I believe Max-OT style training is the most effective method based on my own 20 year study with myself as the primary test subject as well as countless others I've instructed both directly and indirectly. Not just bodybuilders either. Take a look at what Stu achieved in our documentary "I Want to Look Like That Guy". His outstanding results were achieved by using the Max-OT principles of weights and cardio plus very smart nutritional practices. The same exact methods I followed over the last several years.

I've always said you can train other ways and achieve results. I trained more "traditional" by bodybuilding standards when I was a teen and through my early 20's and I did very well. However, the most productive years of my 12 year competitive career by far were after I adopted the Max-OT principles. I went from being a very good bodybuilder to becoming an outstanding bodybuilder that was good enough to place 4th in the light hvy division of the NPC USA and earn an IFBB Pro Card as a completely drug free competitor. Not many can make that claim.

In the end it is not my job to convince anyone. My job is to provide the information I feel will help people most. I have strong opinions based on 20 years of experience and my climb to the IFBB Pro ranks as a life time natural.

Follow what makes most sense to you. What ever you choose, you need to believe what you are following and not question so you can give it 100% every day.

Believe. Achieve.


Friday, July 17, 2009

Steroid free bodybuilding 101 - More is not better.

The steroid free bodybuilder needs to avoid the more is better mentality when it comes to set and rep volume as well as workout frequency. Over training is one of muscle buildings biggest enemies.

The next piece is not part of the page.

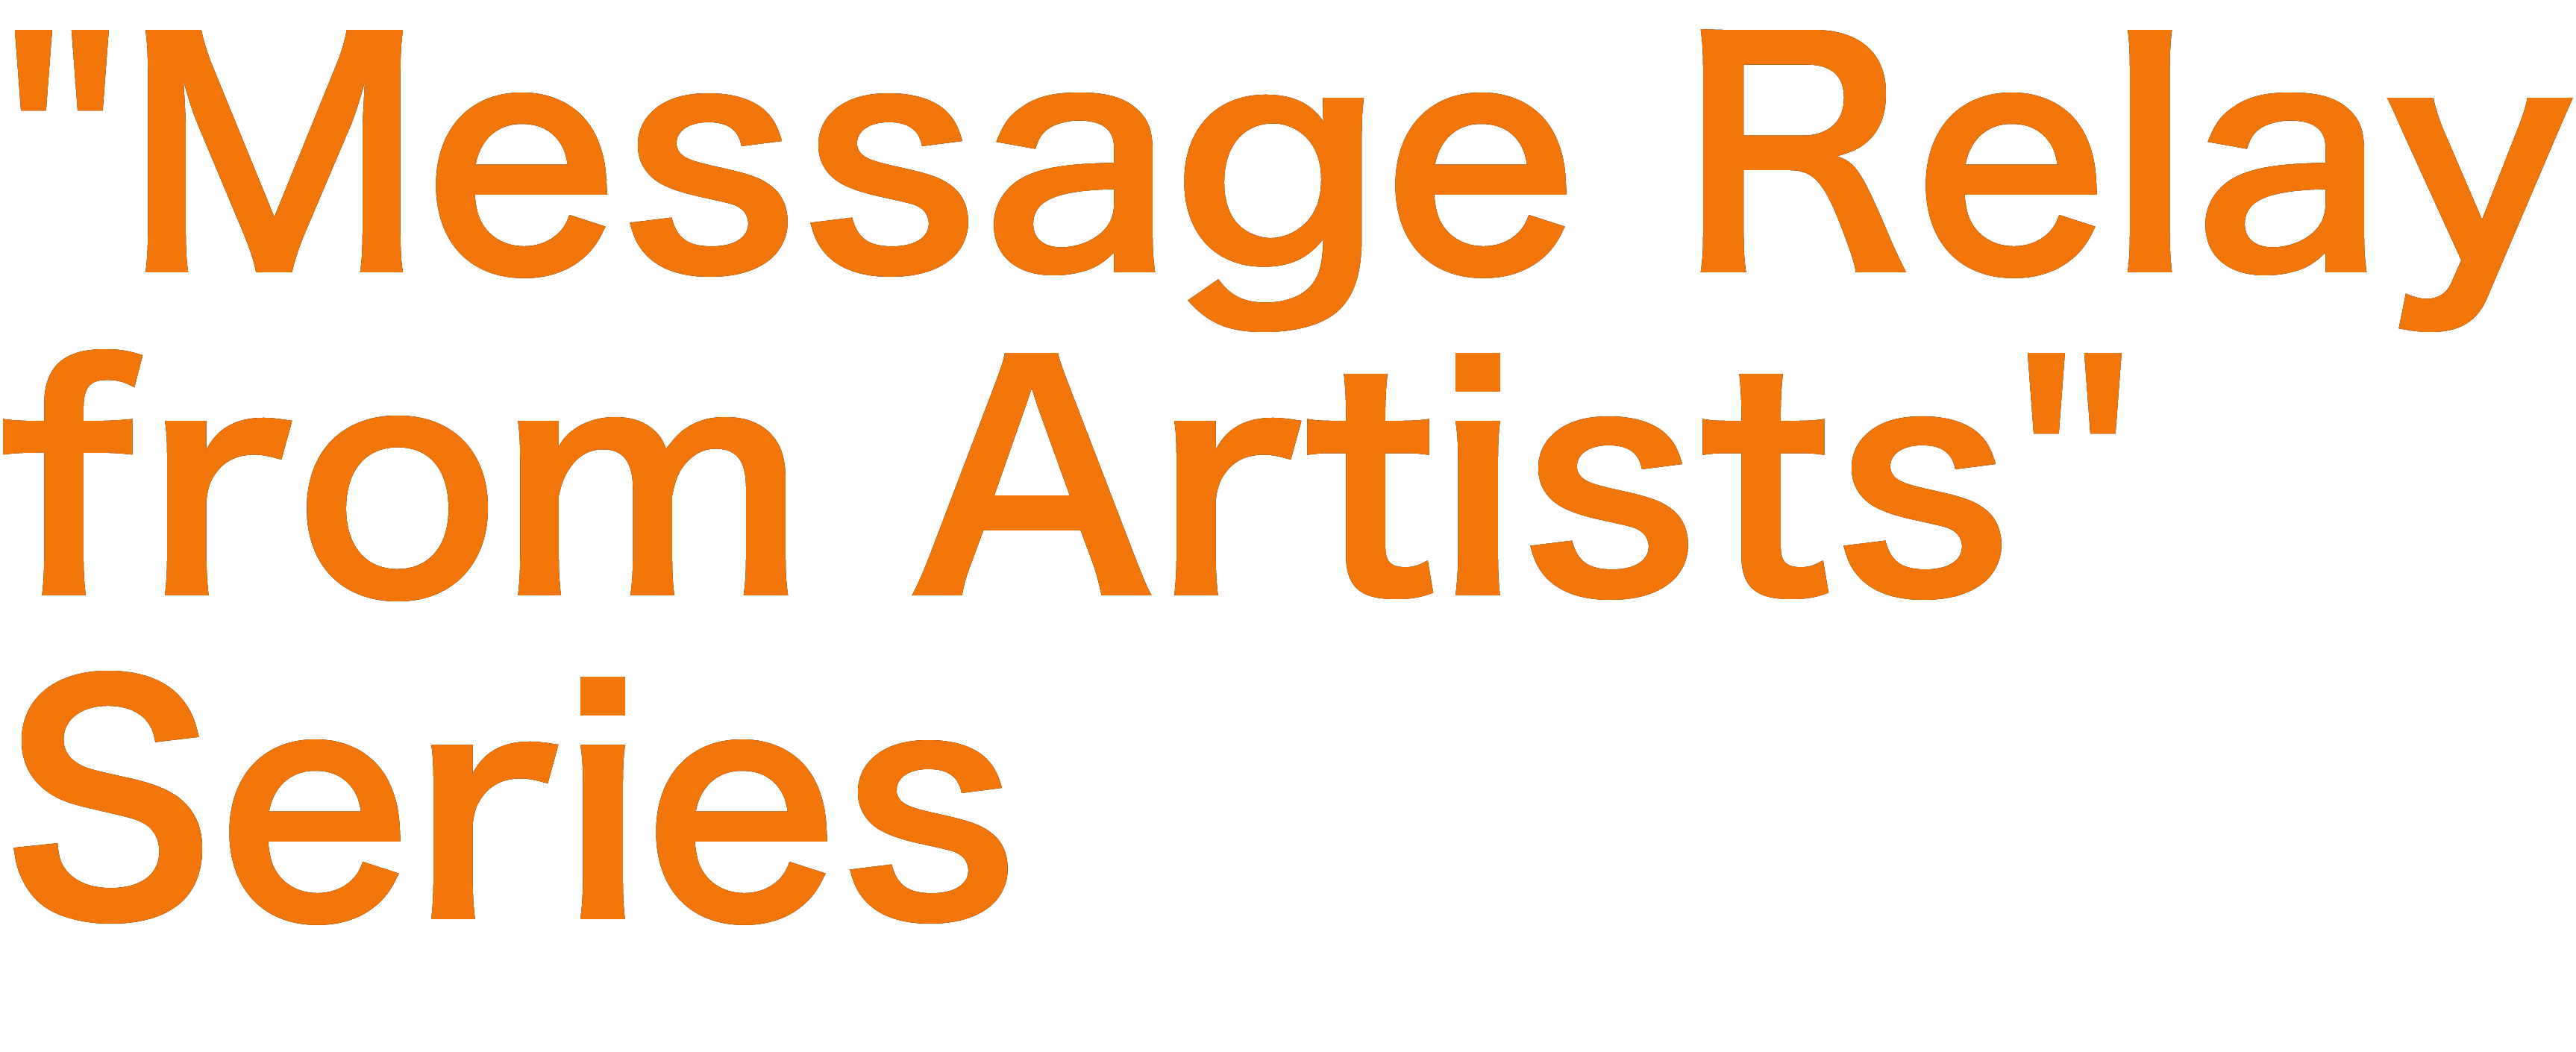 Message Relay from Artists

I see it all the time. The guy who wants bigger biceps going from exercise to exercise, rep after rep, set after set to exhaustion. The total workout time for that one body part is more than double one of my workouts for 2 body parts! This marathon approach is muscle building suicide.

One must remember when building muscle you need to stimulate growth by training a body part with heavy weights and basic lifts, Max-OT style. Then, as I like to say, the magic happens when you leave the gym and the muscle is allowed to recover and respond to the stimulus you created in the gym with all your hard work. Recovery is then maximized with proper nutrition and supplementation along with adequate rest between muscle specific workouts.

If you are drug free and going overboard with frequency you will not maximize your muscle building potential.

Believe. Achieve.


Wednesday, July 15, 2009

Keep it heavy and basic for greater muscle separation.

Even when you are striving for maximum hardness and muscle separation it is important to keep the weight training heavy and basic.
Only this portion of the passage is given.